INTERNATIONAL JOURNAL OF PSYCHOTHERAPY, VOL. 2, NO. 1, 1997 ; 13 56-9082/97/010011-16 © 1997 European Association for Psychotherapy, JAMES S. GROTSTEIN

'The sins of the fathers...': human sacrifice and the inter- and trans-generational neurosis/psychosis

JAMES S. GROTSTEIN
522 Dalehurst Avenue, Los Angeles, CA 90024, (310) 276-3456, USA

 

Abstract The author seeks to explore the possible connection between the currently highlighted phenomenon of child abuse and what almost may be an atavistic socio-religio-mythic rite of infant sacrifice, the latter of which may occupy the role of a virtual 'culture gene' that descends generations. While put forward as a group socio-mythic ritual, the author regards this propensity as inherent only in the psyche of the individual, but it is one that emerges in and is catalysed by the presence of the family, group, culture, etc. The author believes that child abuse may be but a part of the individual's, the family's and the cultural group's propensity unconsciously to employ projective identification specifically in the form of human sacrifice, literally or symbolically (scapegoatism), on onesef, one's dear ones and/or on selected strangers in order to achieve magical solutions to individual and collective family and group emotional problems. Further, the author believes that human sacrifice is an ineluctable component of the oedipus complex, one that Freud and his followers seemed to have left unnoticed. The tendency toward the exercise of abuse by one person on another, particularly by a parent toward a child, may issue, consequently, not only from and enactment of the individual dynamic vulnerabilities of the abusers in impoverished and/or dysfunctional home settings, but also from what one may term an 'inter-generational' and 'trans-generational neurosis', a concept that addresses not just the intersubjective effects of the infantile neuroses of the parents (individually and collectively as a group process) as it interacts with that of the child. It also addresses a larger cultural-group process in which one may detect the continuing presence of ancestral ghosts in our present lives. Behind all this is the author's contention that there exists a hitherto insufficiently recognised ambivalence toward infants which has never been adequately represented in traditional psychoanalytic theory.
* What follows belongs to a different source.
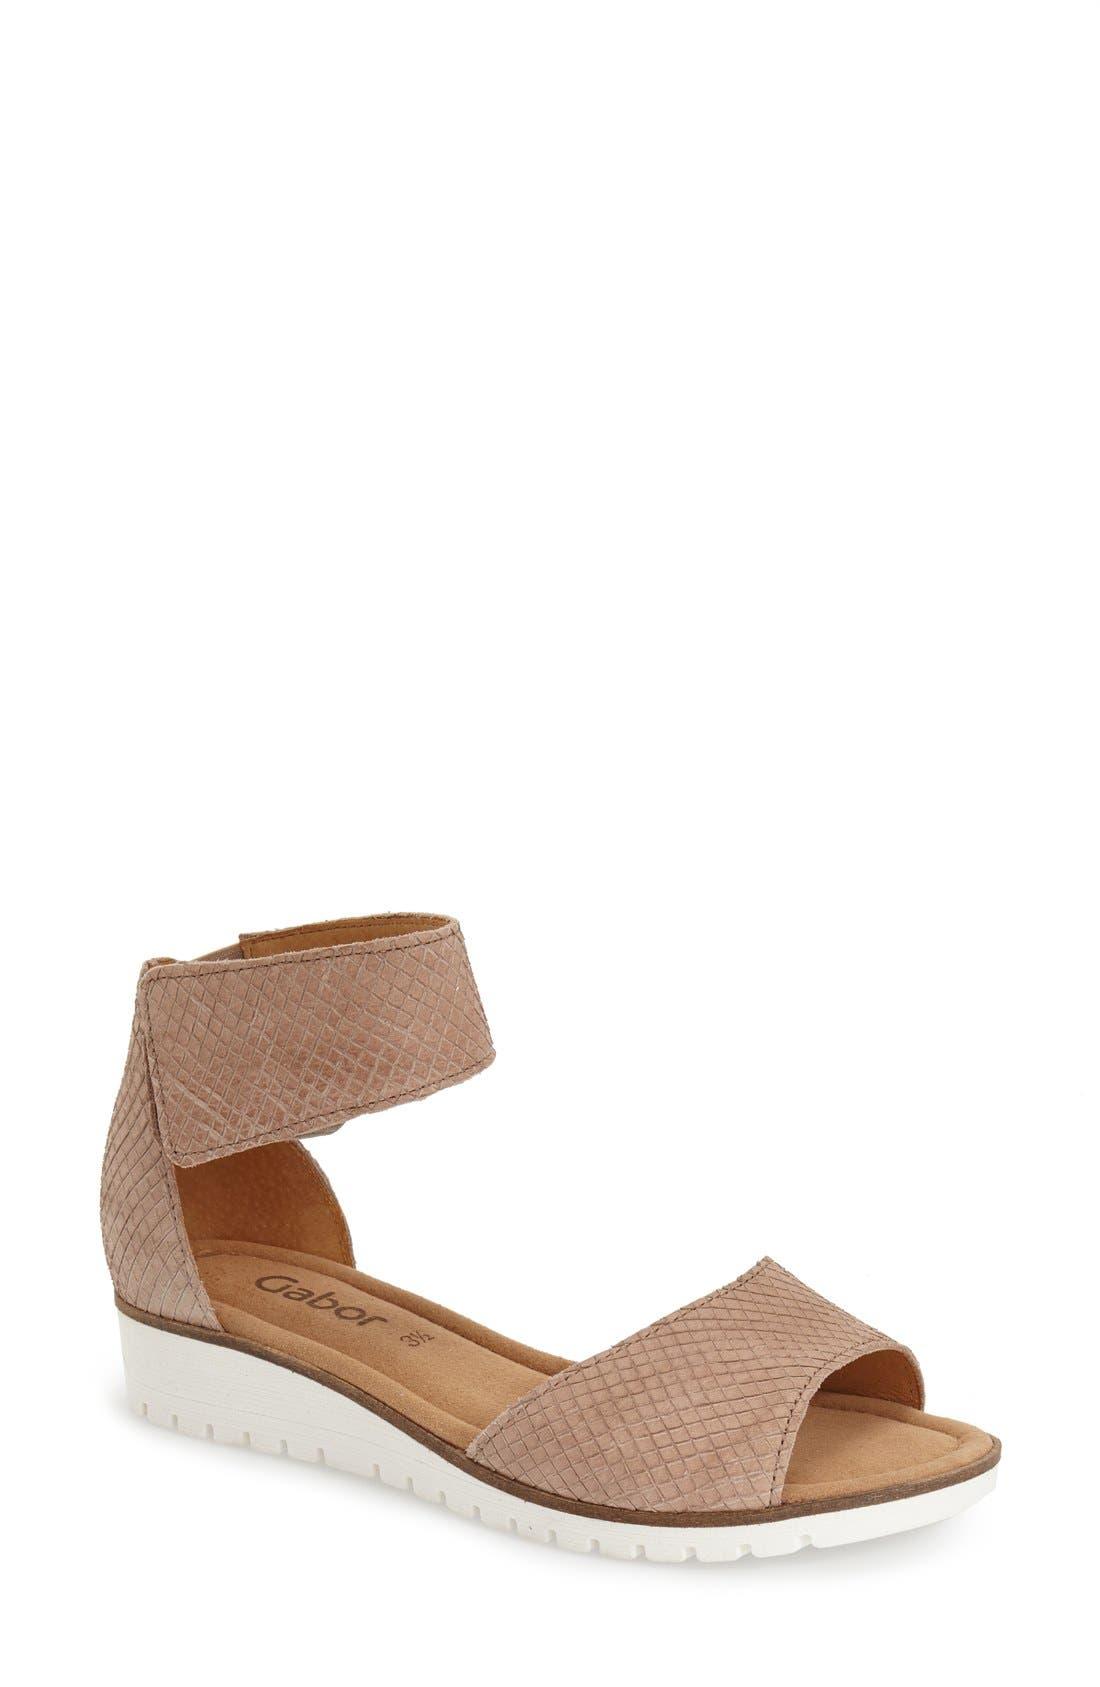 GABOR Two-Strap Sandal

As a postscript to this summary, it is no great leap to implicate this propensity as one of the major hidden organisers of warfare, where millions upon millions of youths, to say nothing of others, have been needlessly sacrificed.


Introduction

...I the LORD thy GOD am a jealous God, visiting the sins of the fathers upon the children unto the third and fourth generations ... (Exodus, 20:6), yet ...
The son shall not bear the sin of the father, neither shall the father bear the sin of the son ... (Ezekiel, 18:20)
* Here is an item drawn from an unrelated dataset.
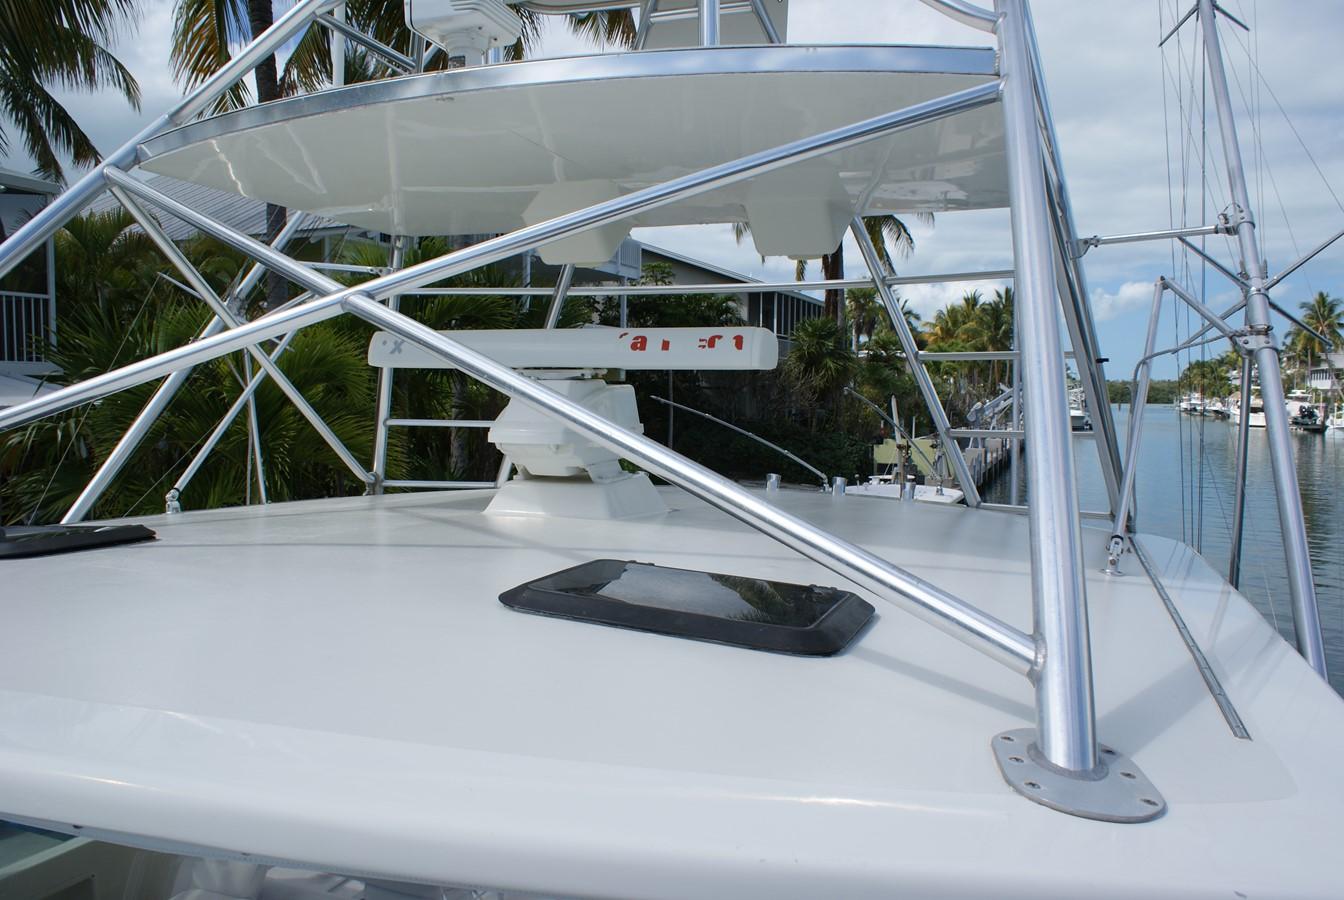 1998 TIARA Open W/Tower Motor Yacht 2507475

The expansion of our consciousness about the phenomena of child abuse and molestation has begun to make a significant impact on the caring world at large and on the mental health public in particular. Belsky (1993) has recently reviewed the subject from an empirical perspective and isolates the following 'contexts of maltreatment' as etiological factors: 'developmental context' (including inter-generational transmission); the 'immediate interac- tional context' of maltreatment; and the 'broader context', including community, cultural and evolutionary contexts of child maltreatment. Belsky concludes that poverty and un- availability of infant and child care helpers are significant but remediable factors. This contribution acknowledges the problem of the breadth of this phenomenon and seeks to isolate only a single factor within it, that of infant sacrifice, which would roughly correspond to Belsky's idea of inter-generational transmission and evolutionary contexts. The thesis of this contribution is that child abuse-and abuse in general-constitutes a complex individual-family-group-cultural-religious phenomenon, one isolated aspect of which is the need on the part of the troubled abuser individual or group to 'cure' himself or themselves of emotional illness by a primitive form of'exorcism', that is, by a violent projective identification of their individual or collective emotional pain into whomever may be arbitrarily chosen to bear the 'exorcism' from the abused abuser and thereby become the 'sacrificial lamb'.